2016/05/17 12:38:55 (9663) ERROR> MeasurementArchiveChild.pm:209 perfSONAR_PS::RegularTesting::Master::MeasurementArchiveChild::hand

le_results - Problem storing results: Error writing metadata: 500 Timeout

2016/05/17 12:38:55 (9665) ERROR> EsmondBase.pm:65 perfSONAR_PS::RegularTesting::MeasurementArchives::EsmondBase::__ANON__ - Error w

riting data (500) 500 Timeout

2016/05/17 12:38:55 (9665) ERROR> MeasurementArchiveChild.pm:209 perfSONAR_PS::RegularTesting::Master::MeasurementArchiveChild::hand

le_results - Problem storing results: Error writing data: 500 Timeout

2016/05/17 12:38:55 (9663) ERROR> MeasurementArchiveChild.pm:125 perfSONAR_PS::RegularTesting::Master::MeasurementArchiveChild::__AN

ON__ - Problem handling test results: Problem storing results: Error writing metadata: 500 Timeout at /usr/lib/perfsonar/bin/../lib/

perfSONAR_PS/RegularTesting/Master/MeasurementArchiveChild.pm line 122.

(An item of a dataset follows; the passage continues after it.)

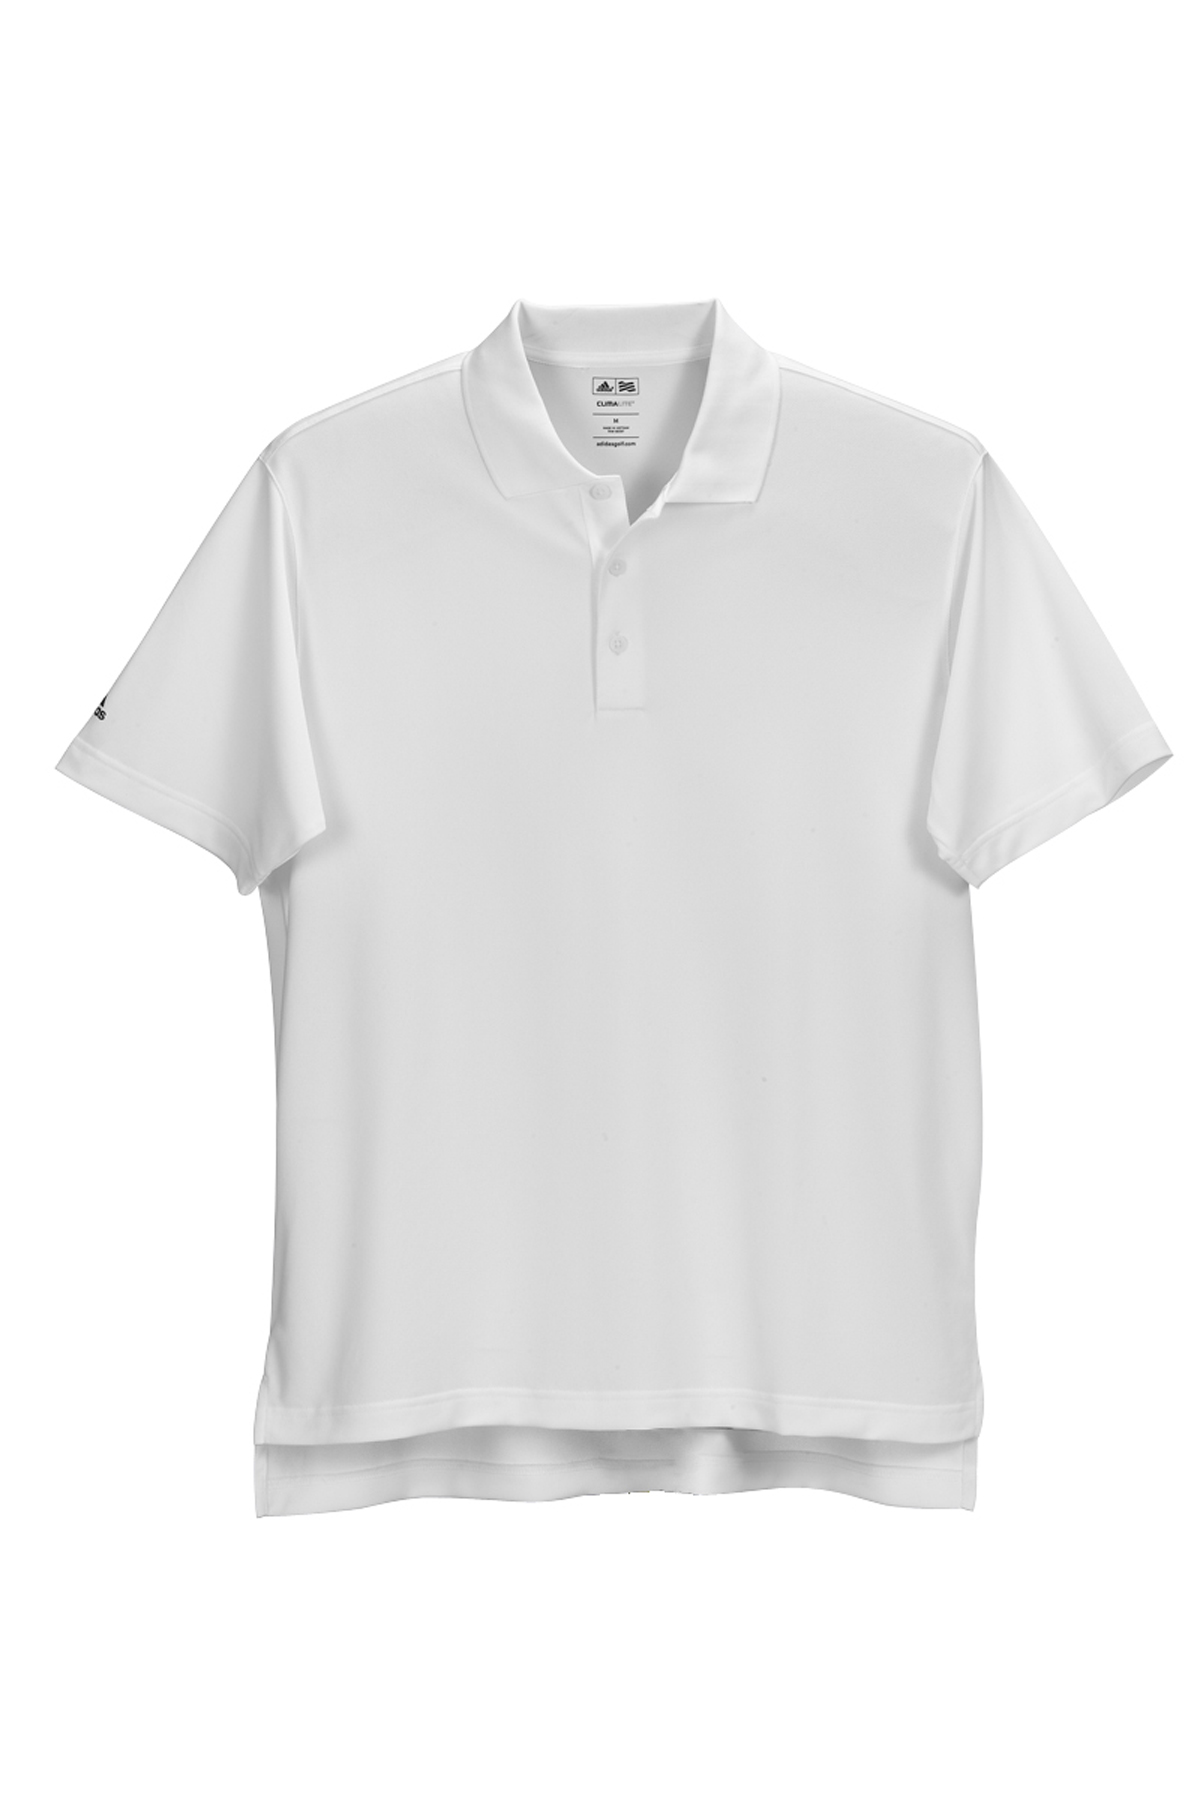 adidas ADIDA130 - ClimaLite® Basic Short Sleeve Polo

2016/05/17 12:38:55 (9665) ERROR> MeasurementArchiveChild.pm:125 perfSONAR_PS::RegularTesting::Master::MeasurementArchiveChild::__AN

ON__ - Problem handling test results: Problem storing results: Error writing data: 500 Timeout at /usr/lib/perfsonar/bin/../lib/perf

SONAR_PS/RegularTesting/Master/MeasurementArchiveChild.pm line 122.

 

2016/05/17 12:38:57 (9668) ERROR> EsmondBase.pm:53 perfSONAR_PS::RegularTesting::MeasurementArchives::EsmondBase::__ANON__ - Error w

riting metadata (500) 500 Timeout

2016/05/17 12:38:57 (9668) ERROR> MeasurementArchiveChild.pm:209 perfSONAR_PS::RegularTesting::Master::MeasurementArchiveChild::hand

le_results - Problem storing results: Error writing metadata: 500 Timeout

2016/05/17 12:38:57 (9668) ERROR> MeasurementArchiveChild.pm:125 perfSONAR_PS::RegularTesting::Master::MeasurementArchiveChild::__AN

ON__ - Problem handling test results: Problem storing results: Error writing metadata: 500 Timeout at /usr/lib/perfsonar/bin/../lib/

perfSONAR_PS/RegularTesting/Master/MeasurementArchiveChild.pm line 122.

 

2016/05/17 12:38:58 (9673) ERROR> EsmondBase.pm:53 perfSONAR_PS::RegularTesting::MeasurementArchives::EsmondBase::__ANON__ - Error w

riting metadata (500) 500 Timeout

2016/05/17 12:38:58 (9673) ERROR> MeasurementArchiveChild.pm:209 perfSONAR_PS::RegularTesting::Master::MeasurementArchiveChild::hand

le_results - Problem storing results: Error writing metadata: 500 Timeout

2016/05/17 12:38:58 (9673) ERROR> MeasurementArchiveChild.pm:125 perfSONAR_PS::RegularTesting::Master::MeasurementArchiveChild::__AN

ON__ - Problem handling test results: Problem storing results: Error writing metadata: 500 Timeout at /usr/lib/perfsonar/bin/../lib/

perfSONAR_PS/RegularTesting/Master/MeasurementArchiveChild.pm line 122.

 

And then these, after the system returned to normal:

 

2016/05/17 12:39:52 (9787) WARN> regulartesting.pl:103 main::__ANON__ - Warned: Use of uninitialized value in concatenation (.) or s

tring at /usr/lib/perfsonar/bin/../lib/perfSONAR_PS/RegularTesting/MeasurementArchives/EsmondTraceroute.pm line 37.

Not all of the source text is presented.